Початкова сторінка

Тарас Шевченко

Енциклопедія життя і творчості

?

№ 560 1850 р. березня 31. – Лист В.М.Білозерського до Л.В.Дубельта з поясненням своїх відносин з Г.Л.Андрузьким на засланні

Ваше превосходительство Леонтий Васильевич!

Почитая вас как истинного своего благодетеля, я решаюсь представить вашему превосходительству настоящее мое положение со всей откровенностью и просить вашего великодушного покровительства.

20 настоящего марта по приказанию г-на губернатора в квартире известного вашему превосходительству Андрузского сделан был полицмейстером обыск, все бумаги его забраны, а сам он оставлен дома; вслед за тем Андрузский был потребован к г-ну губернатору, откуда отправлен к себе на квартиру под строжайший арест.

На другой день после этого я был у г-на губернатора, и его превосходительство мне сказал, что меня могут постигнуть неприятности.

Мне очень жалко Андрузского. Я не мог предполагать, чтобы в его бумагах заключалось что-либо важное, преступное. Андрузский в состоянии был писать или о предметах безразличных, обыкновенных, или создавать какие-нибудь пустые фантазии, будучи слишком молодым и неопытным человеком, у которого воображение не направлено ни учением, ни разумом. Он не способен ни к какому практически полезному труду как человек больной, которому дикость характера, близорукость и бедность мешали делать знакомства, живший в совершенном уединении и почти дошедший до мономании.

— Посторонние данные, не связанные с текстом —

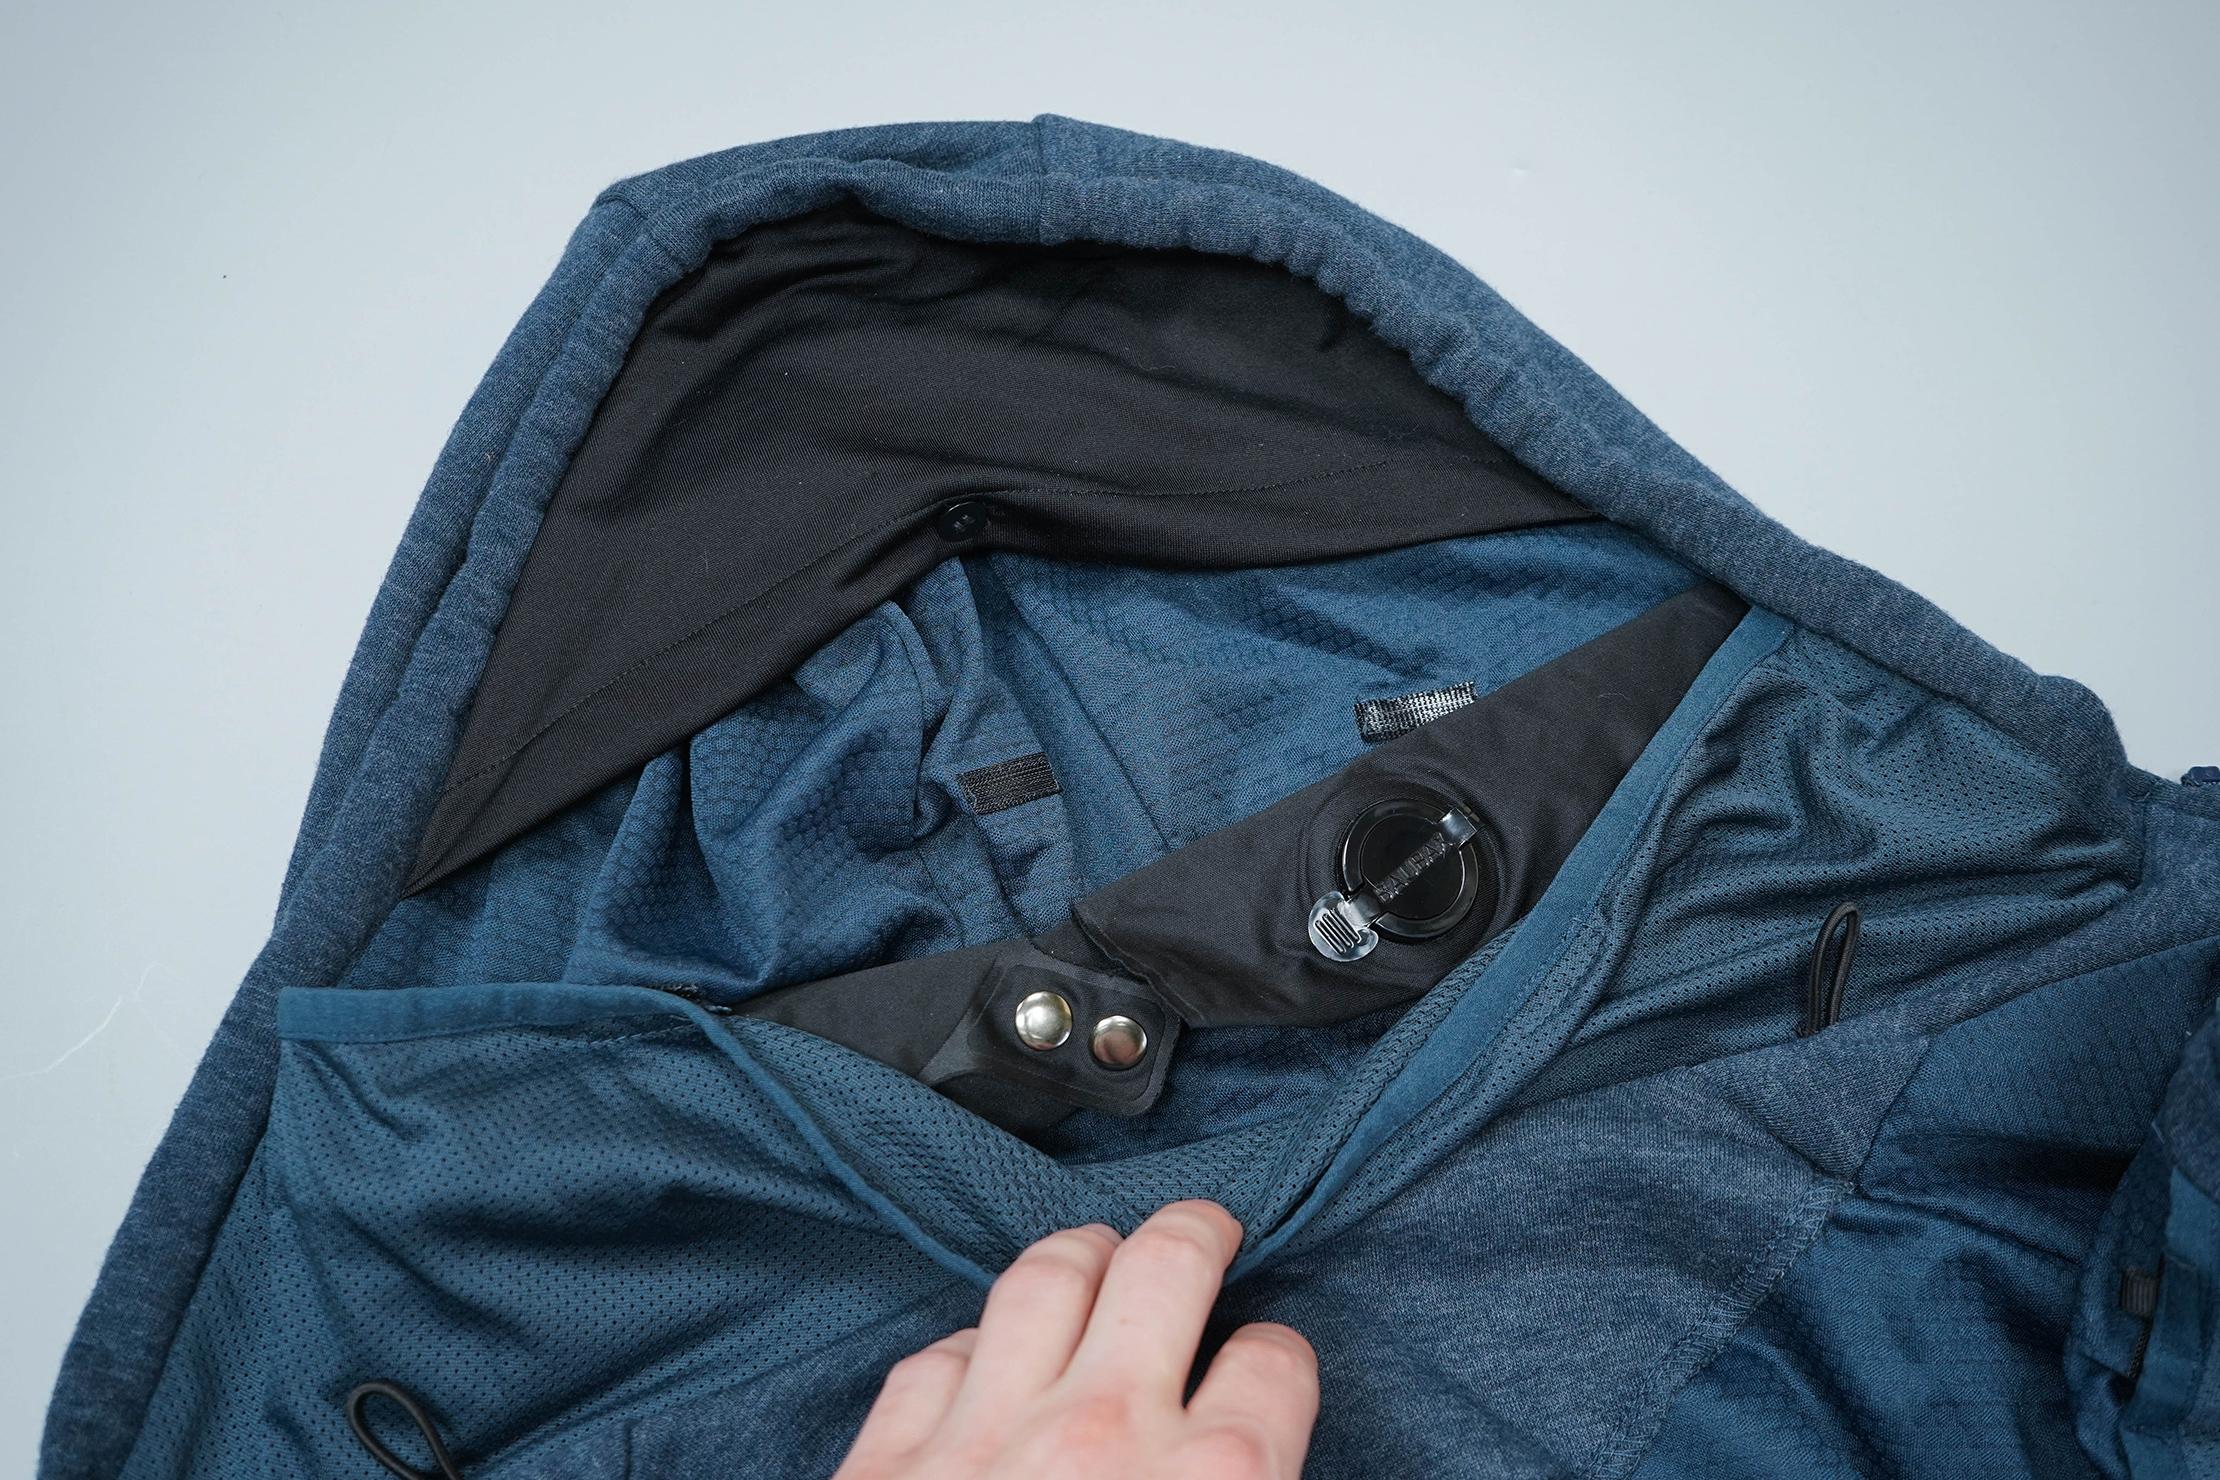 BauBax Sweatshirt 2.0 Neck Pillow

Тем не менее, слова г-на губернатора при настоящем моем положении, весьма беспокоят меня, потому что был знаком с Андрузским и позволил ему бывать у меня, хотя сам не был у него в продолжении целого года ни разу.

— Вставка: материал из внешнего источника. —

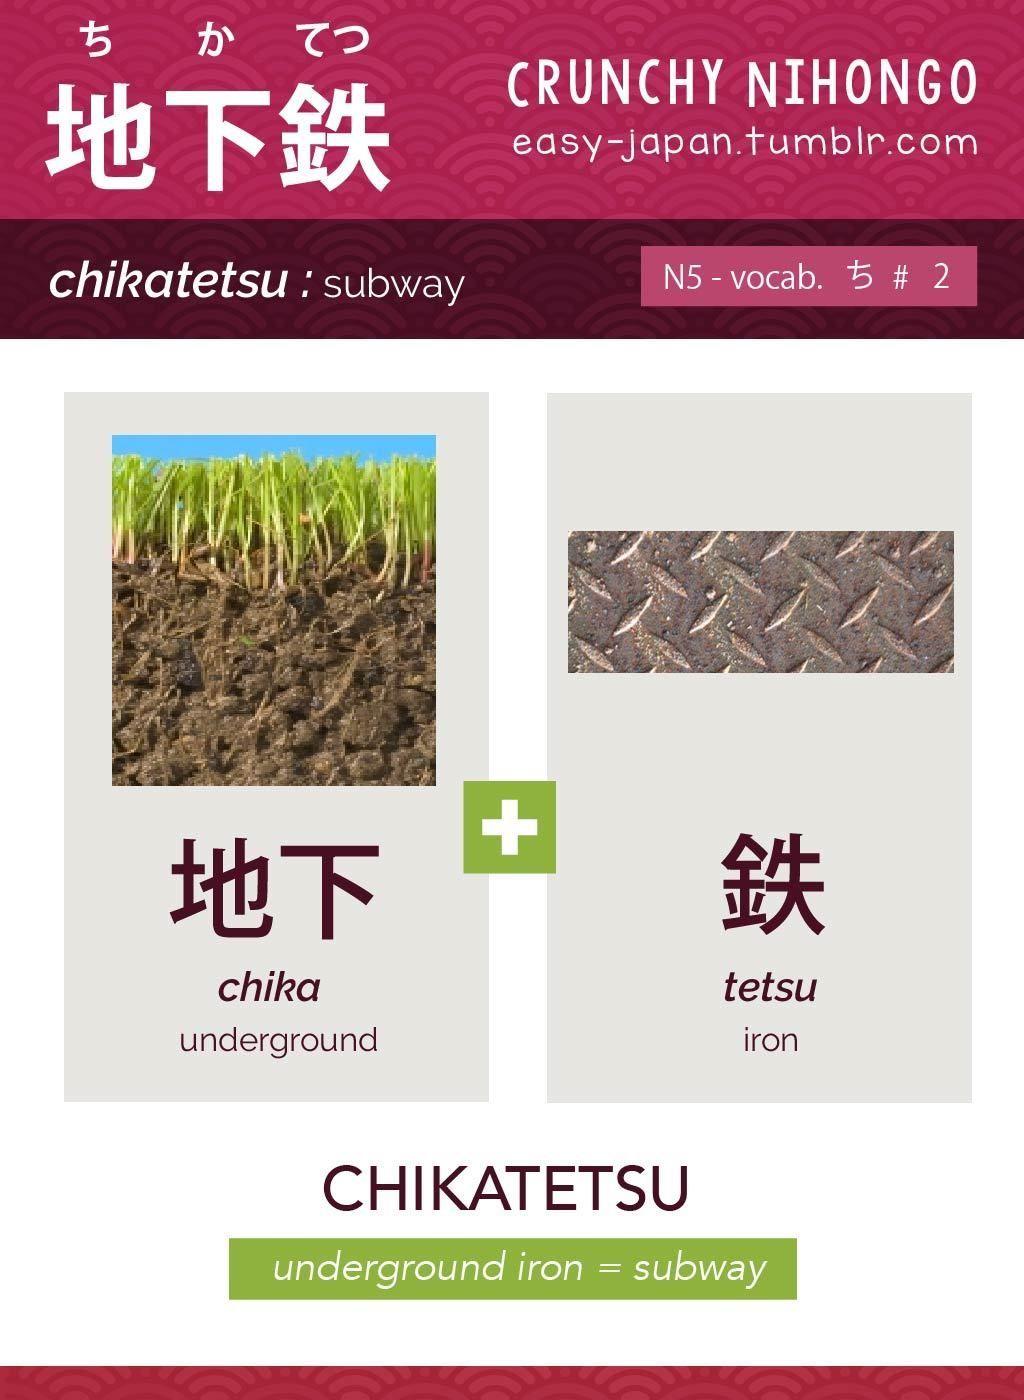 Crunchy Nihongo! | kanji's game | Japanese language

Знакомство мое основывалось единственно, на сострадании к его жалкому положению; у меня не было ничего с ним общего, кроме участия, которого он вполне заслуживает по своему физическому и моральному состоянию. Странности его способны скорее оттолкнуть от него всякого, чем приблизить, и это самое обязывало меня оказывать ему больше внимания, которое я успел обратить на него и со стороны г-на губернатора. Андрузский видел это, и из благодарности сначала был ко мне привязан и даже откровенен, и часто выслушивал мои наставления, самые строгие и неприятные для его самолюбия, с величайшим терпением, но в последнее время я был так занят, что не мог уделять ему много внимания: это показалось ему пренебрежением, и он, написавши записку, полную оскорбленного самолюбия и вместе сознания своей негодности, совсем перестал бывать у меня. Я вдаюсь в эти пустые подробности для того, чтобы яснее представить вашему превосходительству, на чем существенно основывались мои отношения к Андрузскому и какого рода действительно было мое с ним знакомство, начавшееся только в Петрозаводске, ибо до тех пор я с ним знаком не был.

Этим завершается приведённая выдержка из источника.